The application of virtual reality (VR) in industrial training and safety emergency needs to reflect realistic changes in physical object properties. However, existing VR systems still lack fast and accurate simulation of complex, high-fidelity dynamic display of physical object evolution. To enhance the application of VR, a real-time VR visualization method is introduced, which adopts a pre-trained deep learning model to construct high-fidelity physical dynamic changes.
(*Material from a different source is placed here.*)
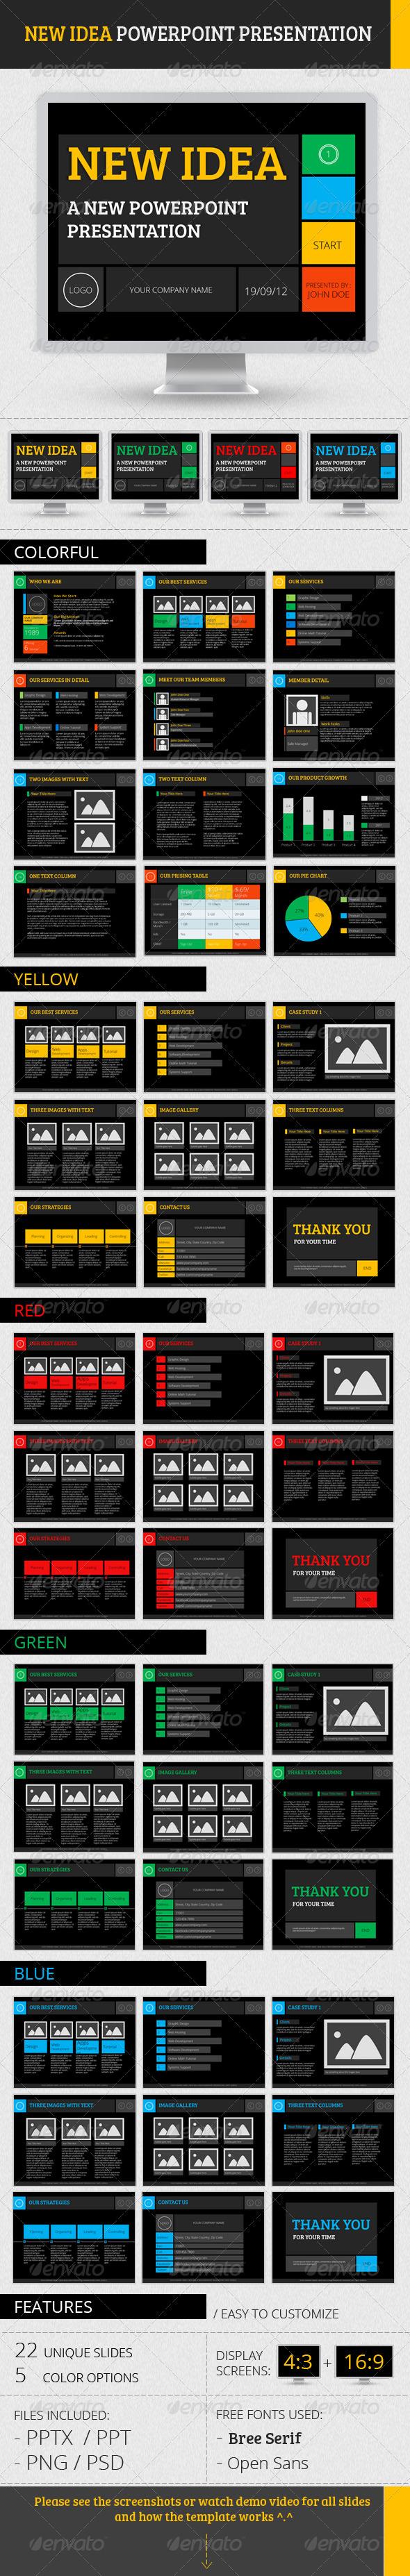 GraphicRiver New Idea PowerPoint Presentation 2611781

This method firstly integrates data dimensionality reduction and temporal convolutional network (TCN) to pre-capture time-series data from numerical simulation results, and then employs Kolmogorov–Arnold Networks (KAN) to approximate nonlinear characteristics to improved Long Short-Term Memory (LSTM) network, thereby predict time-series simulation data accurately to achieves realistic and responsive dynamic displays. The experimental results of predicting time-series numerical simulation data demonstrate that the method balances computational efficiency and achieves good prediction accuracy, with Root Mean Squared Error (RMSE) and Mean Absolute Error (MAE) values increased to 0.0087 and 0.0063, respectively. These studies indicate that the proposed method significantly enhances VR’s capability for realistic physical modeling, paving the way for its broader application in high-stakes industrial training and emergency training environments.